**SOURCE MATERIAL**

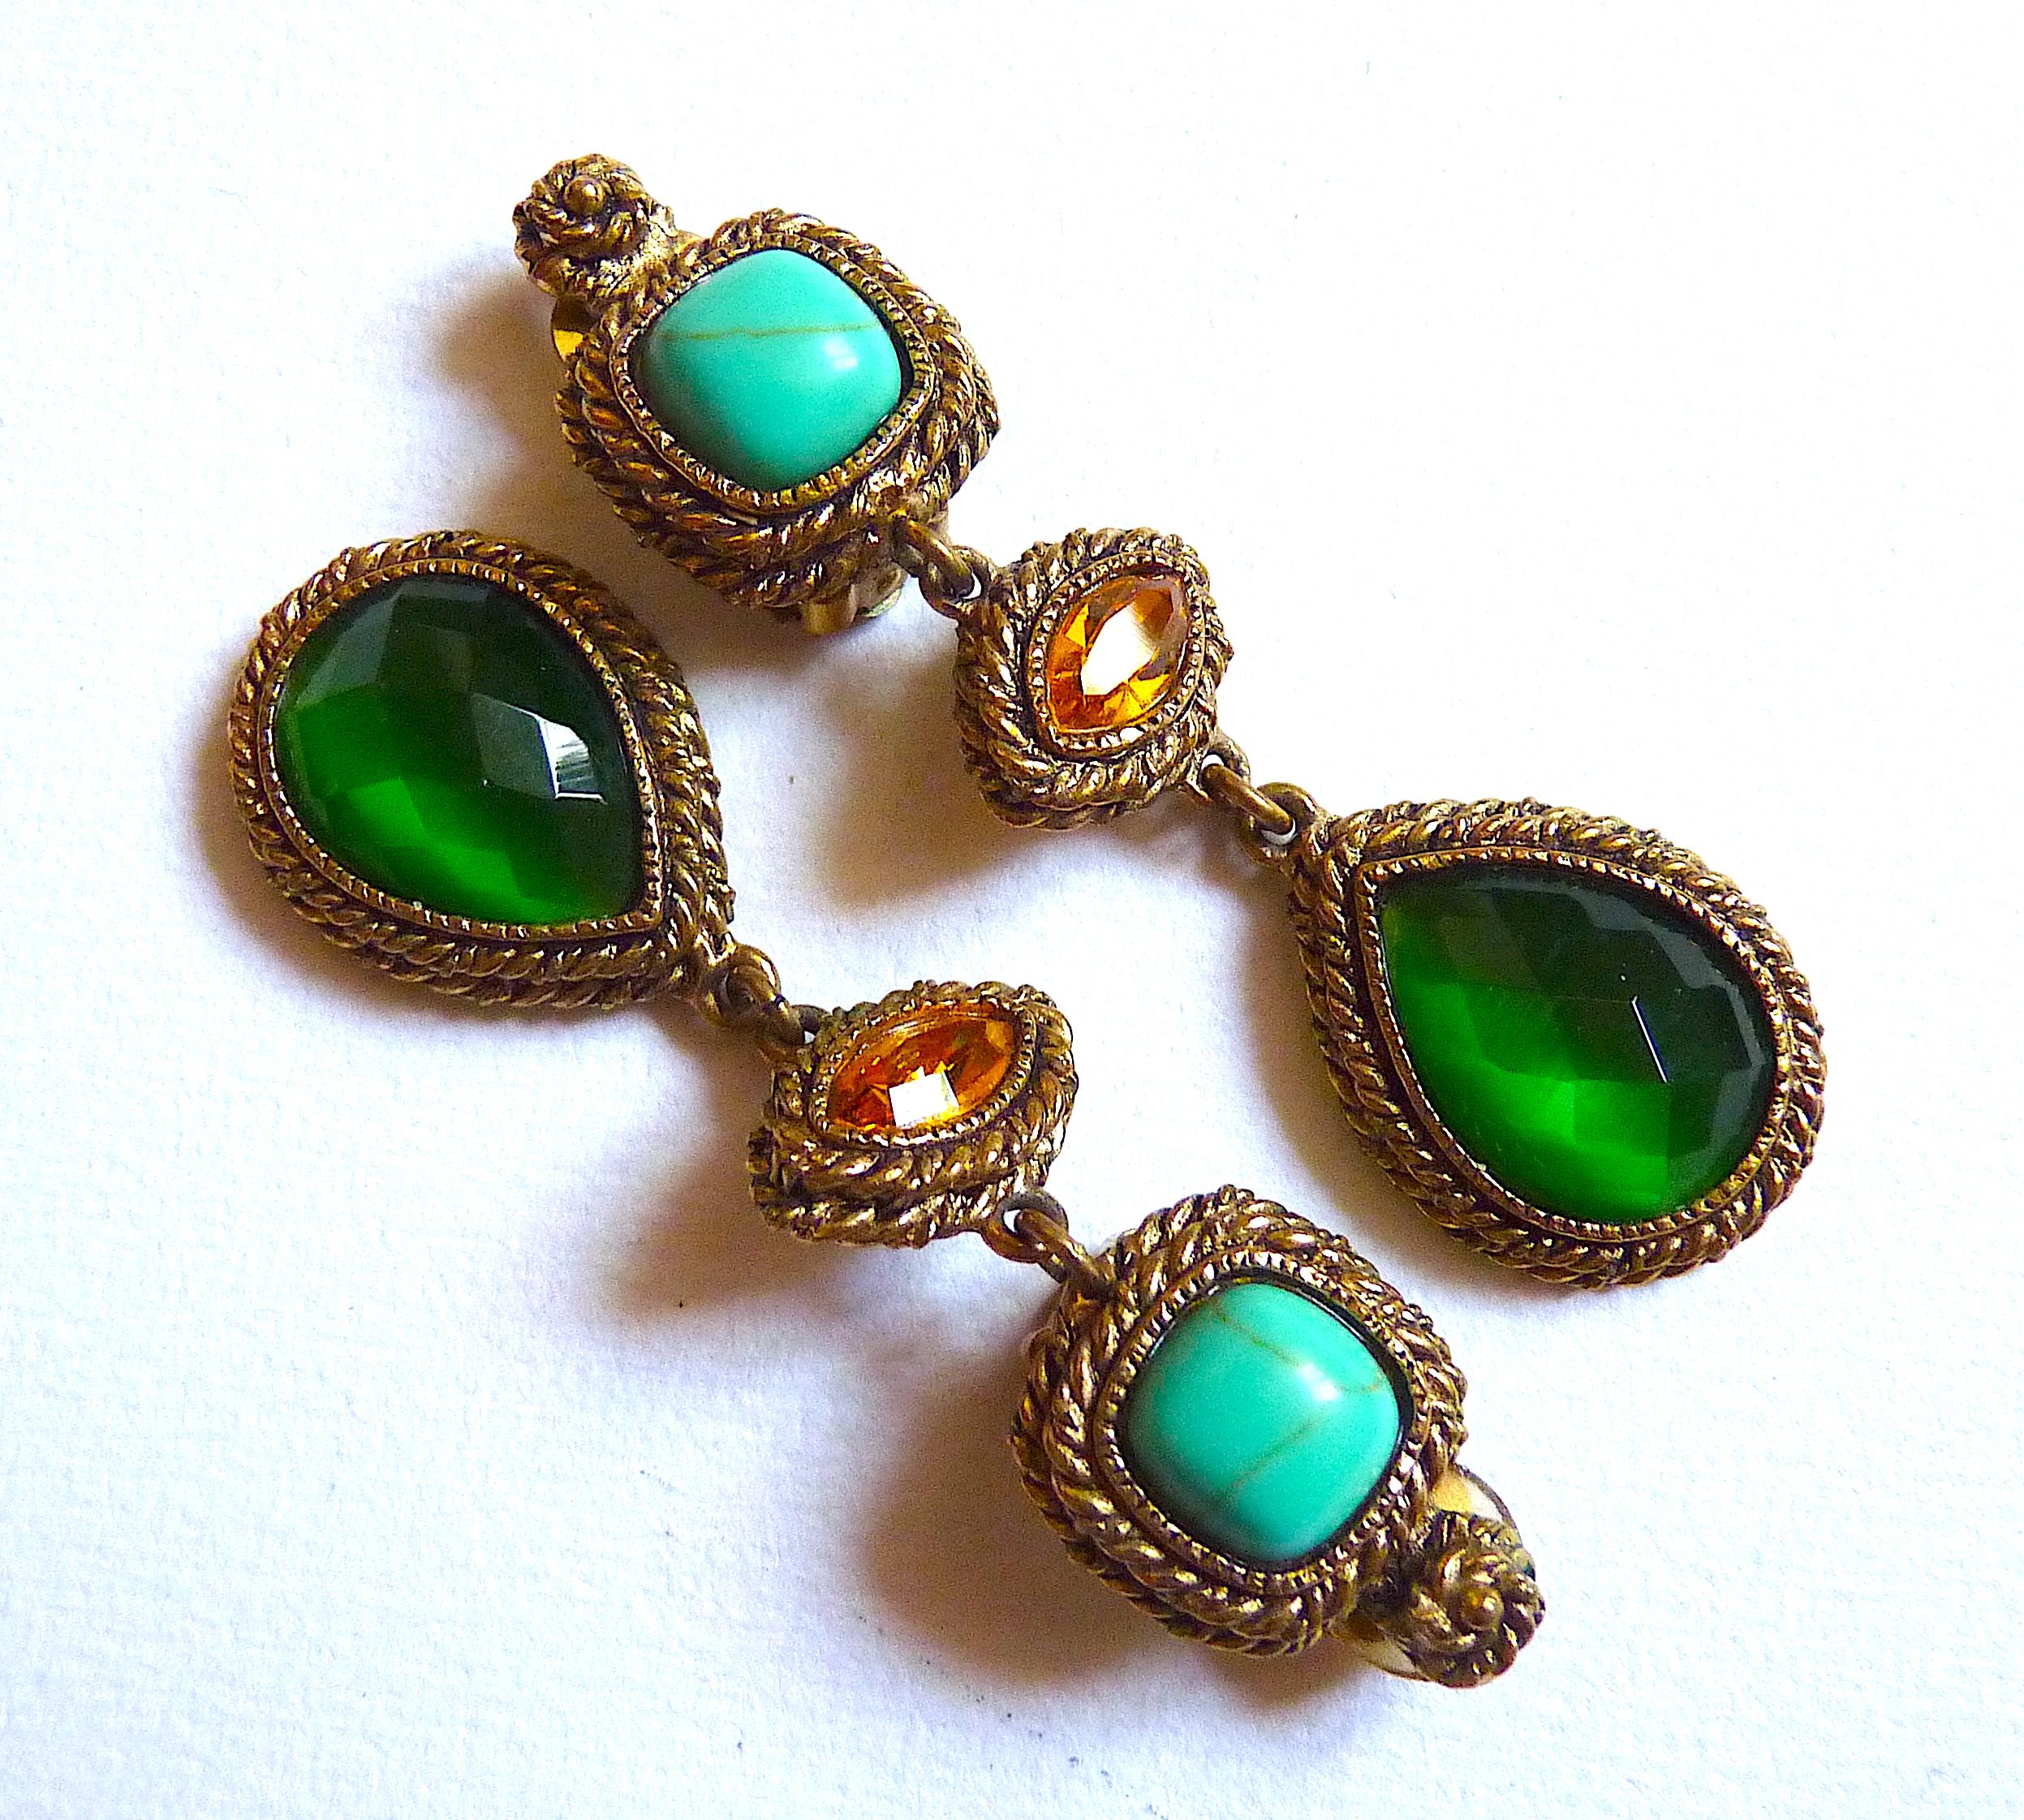 Long Poggi Paris Pendants, Vintage from the 80's, with a turquoise poured glass cabochon on the clip and a large green glass crystal on the pendant.

Signed POGGI PARIS at back of 1 clip

CONDITION : Very nice vintage condition

Measurements :

**TASK TO COMPLETE**
Take every line from the one containing "CONDITION : Very nice vintage condition" to the end of the listing and output it exactly, with nothing else.

**ANSWER TO THE EXERCISE**
CONDITION : Very nice vintage condition

Measurements :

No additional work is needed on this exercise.